It is believed that the project has great chances to be successful, and by working with the
representatives of the pharmacy in getting and analysing the data, the chances for improvement
are endless. The goal for this project will be to create a better flow, to identify the flow with
visuals and reduce the wait time for customers.

1.Introduction
1.1 Company Background
The University Hospital is a 247 bed medical facility that is located on the campus of the
University of Missouri in Columbia. It serves as not only a Critical Care facility for patients, but
also as a research hub for medical faculty and students needing training as nurses and doctors. It
is the only Level 1 trauma center in Central Missouri, and with the advanced research being done
at the hospital, it offers highly specialized care not found in other medical centers in the area.

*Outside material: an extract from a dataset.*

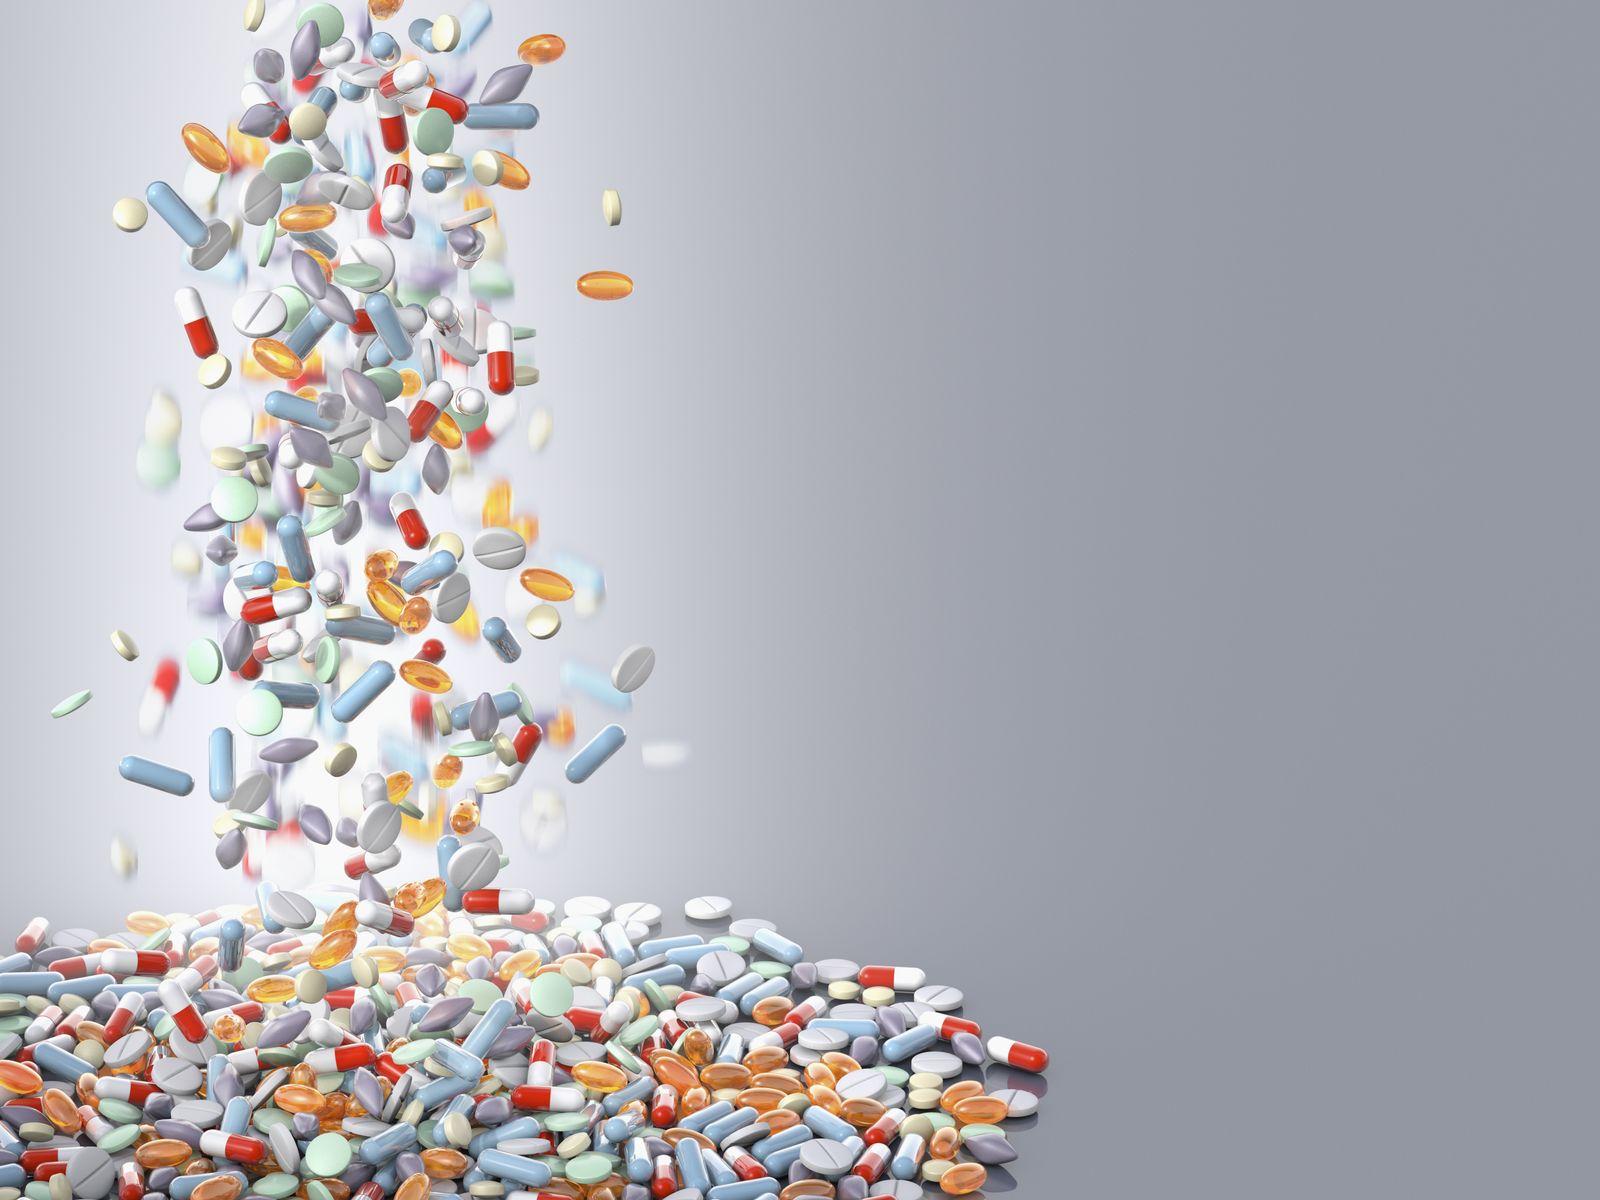 NICHT MEHR VERWENDEN! - Pillen / Tabletten

With over 25,000 emergency room patients, and thousands more full time patients cared
for each year, the medication needs of the University Hospital are extensive. To provide for these
requirements, the Hospital has 9 pharmacies located around Columbia from which patients can
pick up medication. There is a primary pharmacy housed in the lobby of the hospital that serves
as the provider for not only prescription pick-ups, but for medication orders for all the in house
patients located throughout the facility. Millions of medication orders flow through this
pharmacy every year.
1.2 Objective of Assessment
The University Hospital pharmacy will be the focus of this project, with the goal of
assessing their current procedures and finding opportunities for improvement. On average, it
takes the pharmacy about 20 minutes to fill a prescription but can sometimes take up to 2 hours.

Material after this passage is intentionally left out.